-- Excerpted records follows --

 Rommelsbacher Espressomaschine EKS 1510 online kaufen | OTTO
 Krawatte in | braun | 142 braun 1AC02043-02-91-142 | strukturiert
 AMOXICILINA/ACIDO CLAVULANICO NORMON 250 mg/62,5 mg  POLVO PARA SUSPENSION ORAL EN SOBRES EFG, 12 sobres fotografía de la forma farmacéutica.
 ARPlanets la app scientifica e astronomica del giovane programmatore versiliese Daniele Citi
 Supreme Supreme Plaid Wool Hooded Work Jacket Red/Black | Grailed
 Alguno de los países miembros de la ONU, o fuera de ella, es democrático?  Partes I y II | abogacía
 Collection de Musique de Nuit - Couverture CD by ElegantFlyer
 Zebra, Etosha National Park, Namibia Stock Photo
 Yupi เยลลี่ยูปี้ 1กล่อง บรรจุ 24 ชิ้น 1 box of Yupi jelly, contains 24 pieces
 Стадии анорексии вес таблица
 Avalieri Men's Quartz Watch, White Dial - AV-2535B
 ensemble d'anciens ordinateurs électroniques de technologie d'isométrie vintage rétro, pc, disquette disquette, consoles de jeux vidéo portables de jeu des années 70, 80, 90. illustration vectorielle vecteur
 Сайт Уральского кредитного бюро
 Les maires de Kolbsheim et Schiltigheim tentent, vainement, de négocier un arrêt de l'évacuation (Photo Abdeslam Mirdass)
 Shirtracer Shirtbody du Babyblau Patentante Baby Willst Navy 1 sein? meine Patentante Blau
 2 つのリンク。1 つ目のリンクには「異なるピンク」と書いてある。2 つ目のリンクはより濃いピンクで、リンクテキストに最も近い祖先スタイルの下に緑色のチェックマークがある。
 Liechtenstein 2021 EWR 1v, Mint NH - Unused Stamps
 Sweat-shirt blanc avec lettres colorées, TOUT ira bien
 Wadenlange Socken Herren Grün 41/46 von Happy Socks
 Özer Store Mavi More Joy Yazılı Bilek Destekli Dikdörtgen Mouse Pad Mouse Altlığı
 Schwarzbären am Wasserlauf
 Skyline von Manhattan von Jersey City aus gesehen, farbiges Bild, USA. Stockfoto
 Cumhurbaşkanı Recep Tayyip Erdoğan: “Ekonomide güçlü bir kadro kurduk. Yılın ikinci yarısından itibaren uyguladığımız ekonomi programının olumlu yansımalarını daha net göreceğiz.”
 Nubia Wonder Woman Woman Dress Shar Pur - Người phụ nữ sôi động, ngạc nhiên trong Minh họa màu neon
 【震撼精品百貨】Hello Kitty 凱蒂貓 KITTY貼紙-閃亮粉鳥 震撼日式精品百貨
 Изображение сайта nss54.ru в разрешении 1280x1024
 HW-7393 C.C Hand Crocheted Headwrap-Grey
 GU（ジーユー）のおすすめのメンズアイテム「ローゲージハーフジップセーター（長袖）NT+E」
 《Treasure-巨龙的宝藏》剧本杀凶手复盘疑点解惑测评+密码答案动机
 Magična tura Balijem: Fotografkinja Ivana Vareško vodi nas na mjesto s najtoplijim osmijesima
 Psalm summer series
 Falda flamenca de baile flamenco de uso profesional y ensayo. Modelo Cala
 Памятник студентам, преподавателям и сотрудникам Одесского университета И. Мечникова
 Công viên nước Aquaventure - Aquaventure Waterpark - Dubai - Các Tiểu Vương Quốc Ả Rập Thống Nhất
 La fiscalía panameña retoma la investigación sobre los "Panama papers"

-- Excerpted records concluded --

▶ _Prompt_: Some lines above contain the word "Photo". Copy each of them.

▶ _Exercise solution_:
 Zebra, Etosha National Park, Namibia Stock Photo
 Les maires de Kolbsheim et Schiltigheim tentent, vainement, de négocier un arrêt de l'évacuation (Photo Abdeslam Mirdass)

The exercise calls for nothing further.